_Recorded information:_

* * * * * * * * *

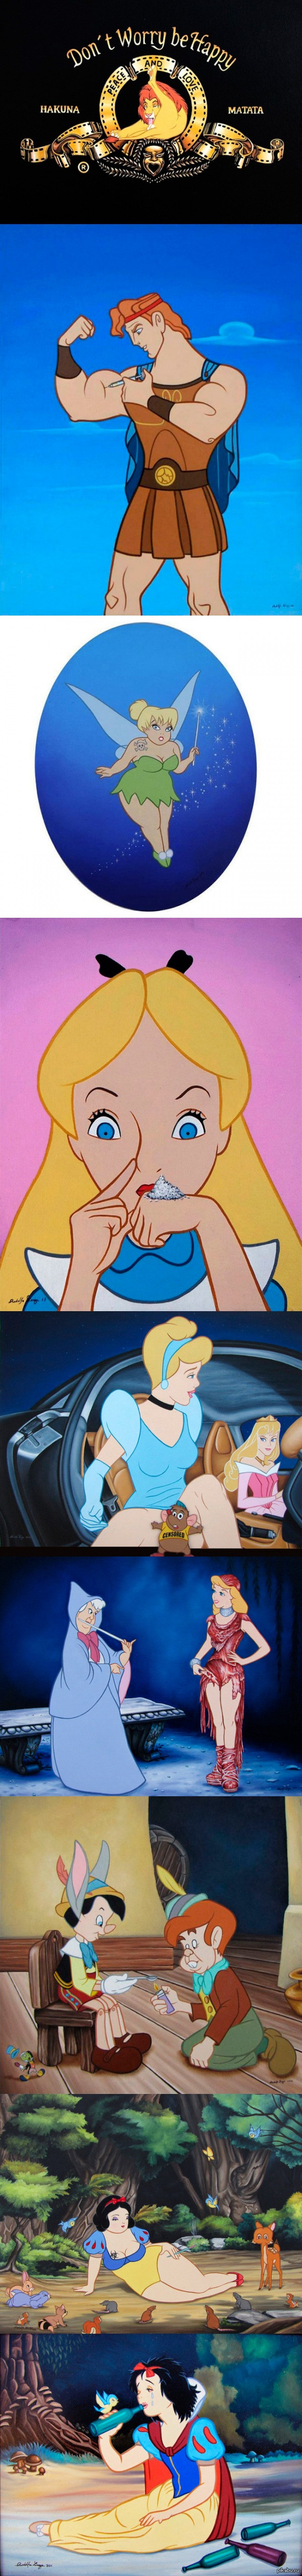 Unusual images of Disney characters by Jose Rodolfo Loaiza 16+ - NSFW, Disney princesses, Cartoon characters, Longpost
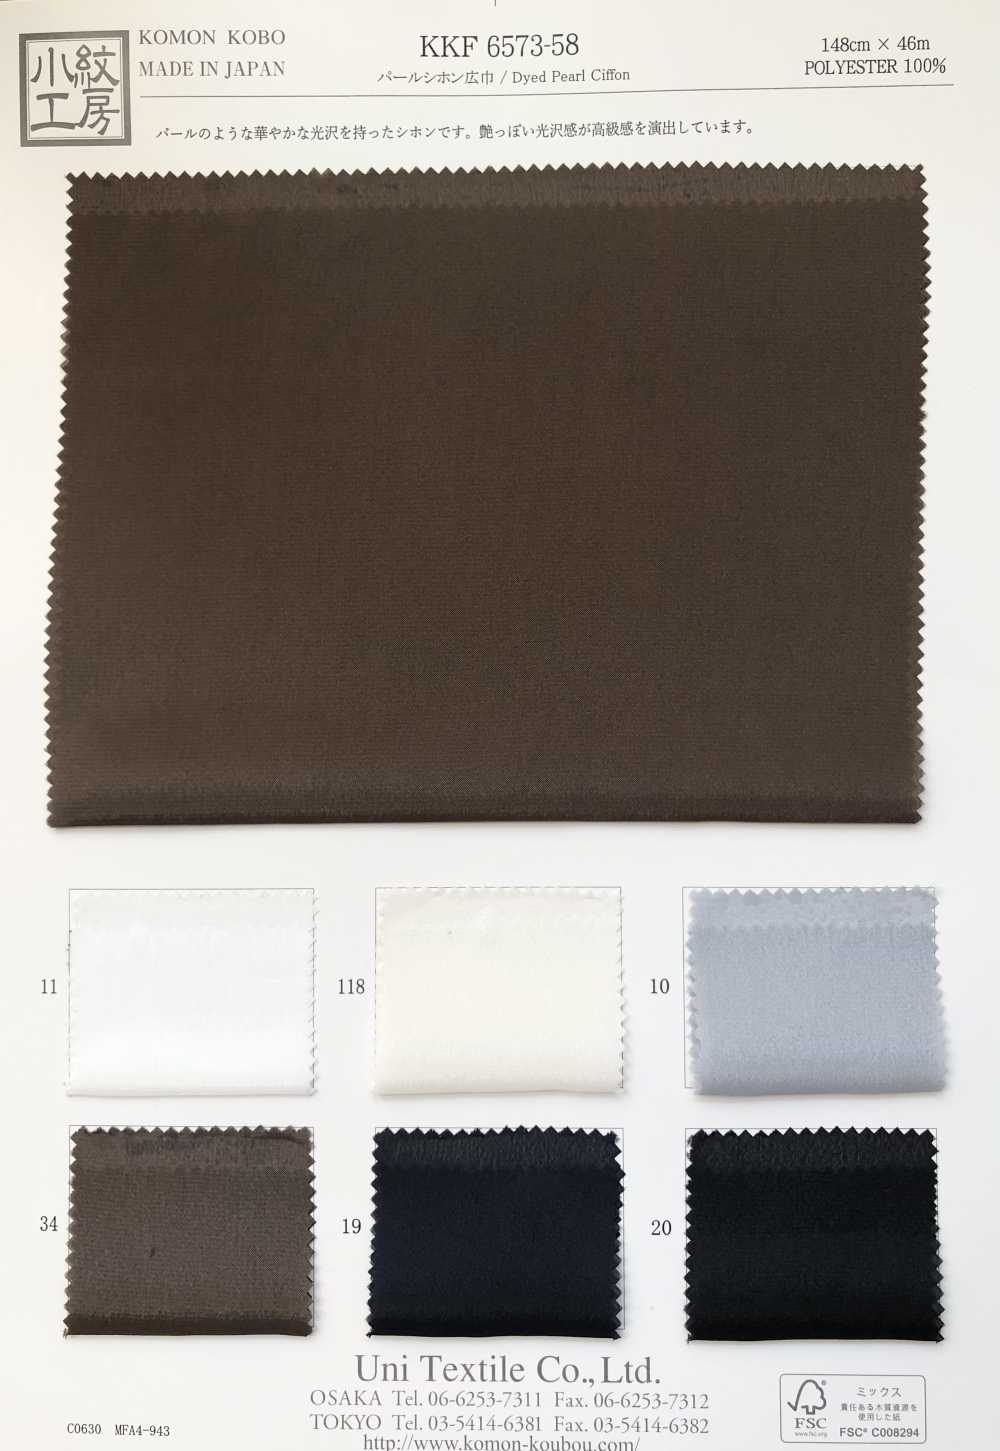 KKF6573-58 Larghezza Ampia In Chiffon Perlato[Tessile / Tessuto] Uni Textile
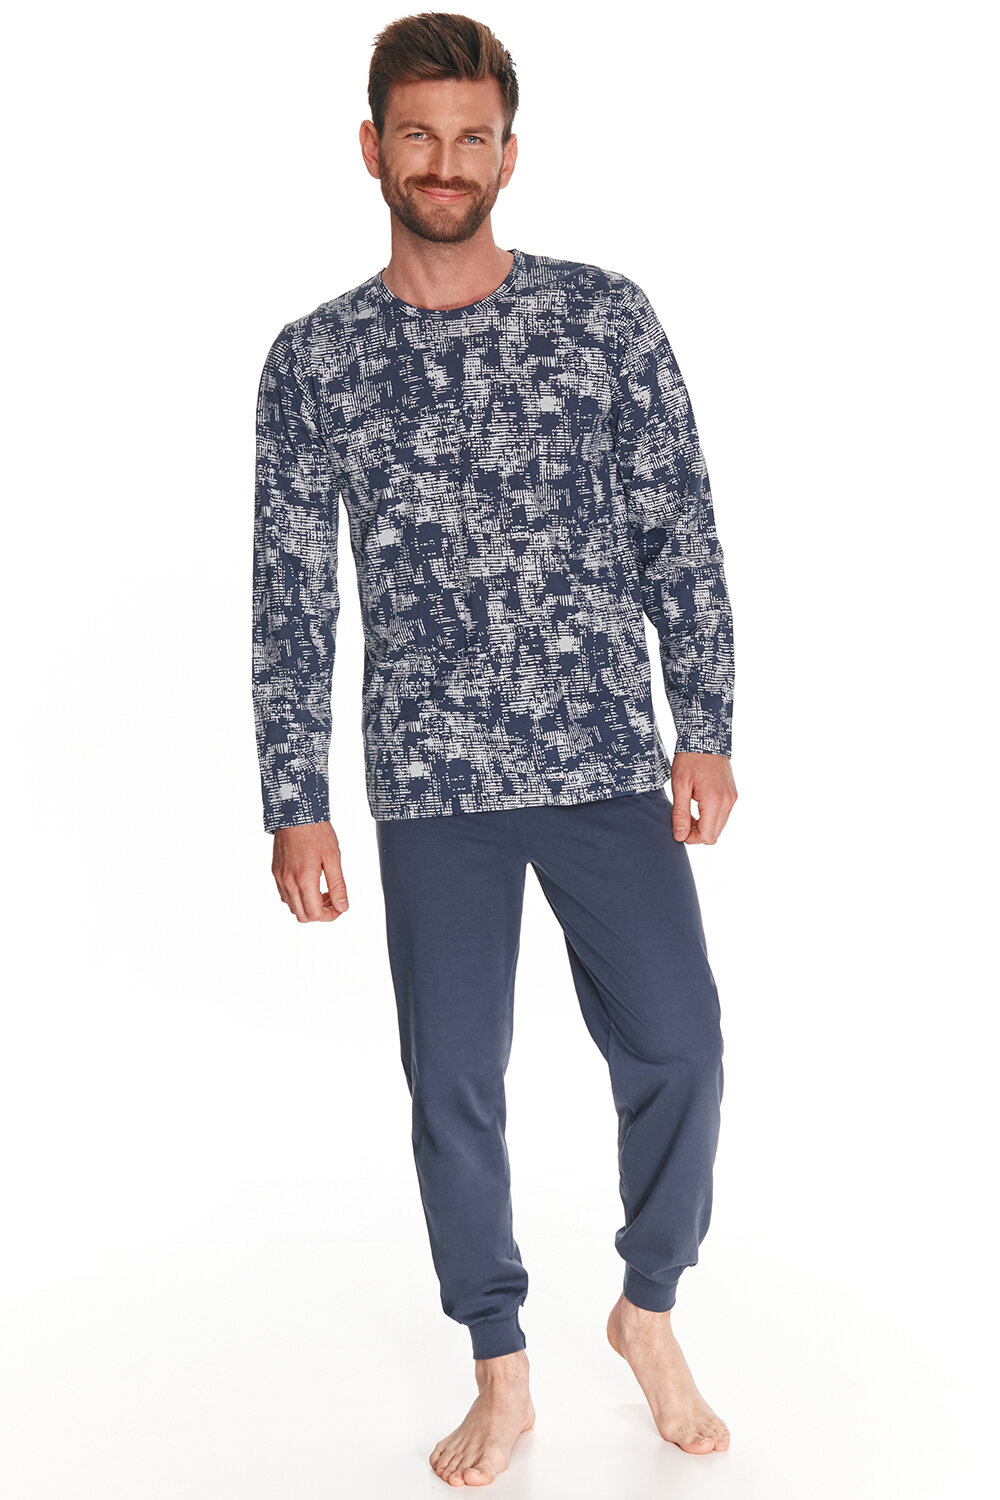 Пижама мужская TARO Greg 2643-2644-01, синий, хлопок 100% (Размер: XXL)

* * * * * * * * *

The output has to match the data above line for line, except that pictures are dropped.

 Unusual images of Disney characters by Jose Rodolfo Loaiza 16+ - NSFW, Disney princesses, Cartoon characters, Longpost
 KKF6573-58 Larghezza Ampia In Chiffon Perlato[Tessile / Tessuto] Uni Textile
 Пижама мужская TARO Greg 2643-2644-01, синий, хлопок 100% (Размер: XXL)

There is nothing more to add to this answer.